Re: Swap vs No Swap.

Bjorn Wesen (bjorn@sparta.lu.se)
Thu, 22 Nov 2001 17:33:21 +0100 (MET)


On Thu, 22 Nov 2001, war wrote:
> There is no need for swap if you have enough ram.
> Using swap with more than enough ram does absolutley nothing for the system,
> except by degrading the performance of it.

You're too fast with drawing conclusions. You say you have "enough" ram -
tell me, how big is your harddisk ? Is it less than 1 GB ? Do you use more
than 1 GB of data on your harddisk regularly ?

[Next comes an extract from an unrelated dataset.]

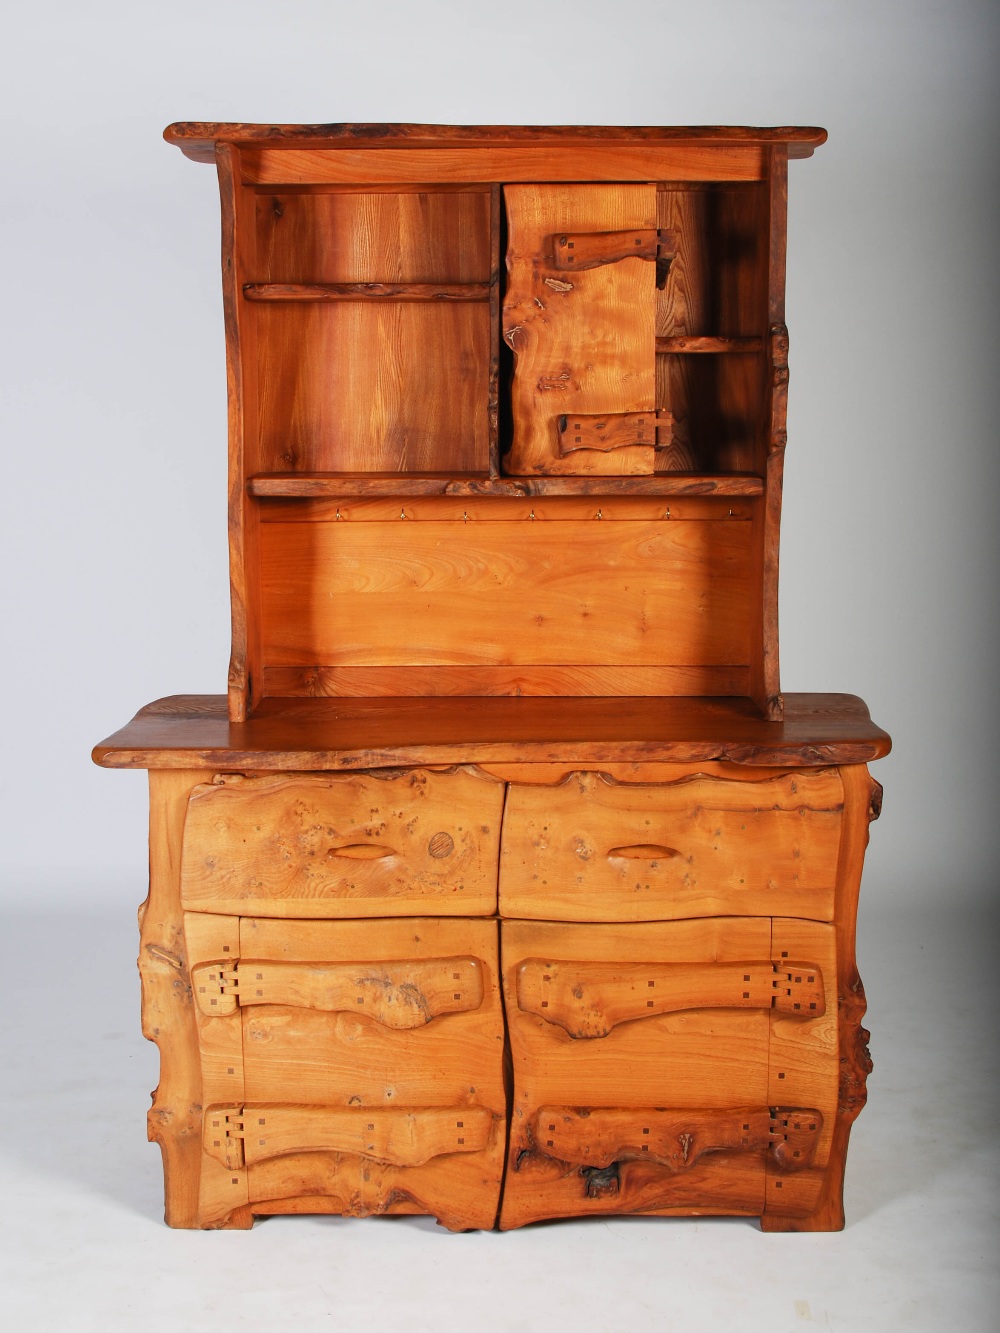 Tim Stead (1952-2000) - A burr elm dresser, the upper section with four open shelves and single

RAM is not just used to keep your programs in, but also to hold a working
copy of your dataset on the hard-disk. If the programs you use
concurrently use 500 MB RAM and never more, and you have 1 GB RAM, you
have 500 MB over for caching your hard disk content. As long as you only
access a footprint of 500 MB on your disk, you're fine.

But as soon as you start accessing more data which in total will add up to
more than that 1 GB RAM, there is the _potential_ for a swap to speed up
access. There's absolutely nothing which say it _has_ to speed it up in a
_particular_ case, but generally it can.

Also remember that a "swap" only swaps dirty pages. Your programs are run
directly from the page-cache and can be flushed from that even if you have
"disabled swap". The only thing that differs by adding swap is another
freedom for the VM system to prioritize memory. Sometimes it does this
badly, and you get upset, and sometimes it does it well.